As long as we're going to full bandwidth on this, let's get into the issue
of drainage plain vs moisture barrier, and the subject of detailing,
something that DE touches on, but doesn't resolve.  As he said, it could be
an issue with our beloved Sonoma County building department, which often had
creative interpretations of code issues.

The moisture barrier part...checking rising damp, is straightforward. There
are two approaches, the capillary break (pea gravel) and the moisture
barrier (tar, paper, bituthane).  We use both--a moisture barrier under pea
gravel.  We prefer a liquid-applied "tar" because typically this is an area
that wasn't covered by the plastic vapor barrier that went under the slab.
It's a low tech and high tolerance issue--ie it doesn't have to be done to
perfection.

"Drainage plane" is, to me at least, a confusing term, and seems to imply
that there's a bunch of water to be drained.  Usually, a drainage plane is
designed to keep water from getting deeper into the building envelope, as
with a rain screen, or a drainage mat under a roof.

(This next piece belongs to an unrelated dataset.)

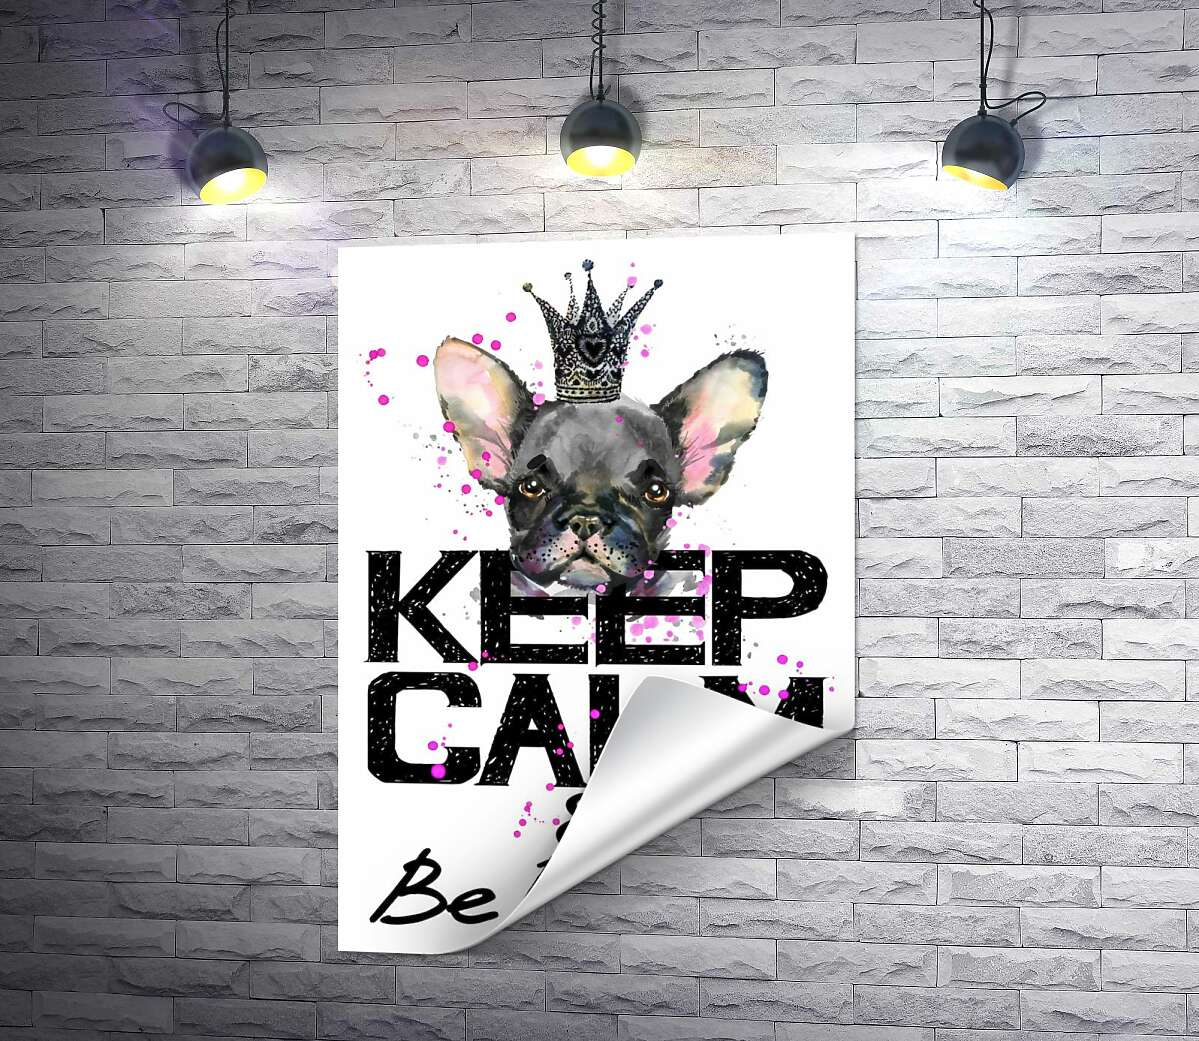 друк Голова бульдога видніється над написом "keep calm and be princess"

In this case, though, if the "drainage plane" is seeing any water, the game
is already over--moisture has come from higher up the wall, and I guess it's
purpose is to keep the foundation from getting wet?  Help me on this one!

And a note on detailing:  if it's not detailed to drain properly, this
"drainage plane" is actually more properly called a "moisture collection
basin", or MCB.  And if the purpose is to drain the wall, where are you
draining it to, and how does that help your building?

The question I've been asking recently is:  If your walls are getting so wet
that the gravel is taking on water, wouldn't you want to know about it?  I
mean, some damage is very likely occurring, and the sooner you find out the
less damage there will be.

We have previously detailed walls to discretely deposit their moisture to
the outside, thereby saving expensive insurance claims for varnished floors
and mold in the walls. A few months ago, Dan, Dietmar and I examined an
owner-built building that had extensive leakage through cracks on the
rain-exposed side of the building at the second floor.  The owners
eventually noticed the problem on the ground floor when water puddled after
large storms. . In the meantime, the plywood box beam above was already
seriously rotted.

This caused me to think...hmmm, if that water were going somewhere that the
occupants would have noticed earlier, the problem could have been nipped in
the bud.  What is the down side of detailing so that the MCB drains only to
the inside?

Eh?

Oh, yeah....  What does David Arkin tell the building department?  I think
two of the suggestions so far would work...(1) alternating strips of
insulation and gravel, (2) insulation below gravel.  I wouldn't favor
David's suggestion of (3) insulation on one side, gravel on the other,
because of the issue of putting bales on an impermeable surface.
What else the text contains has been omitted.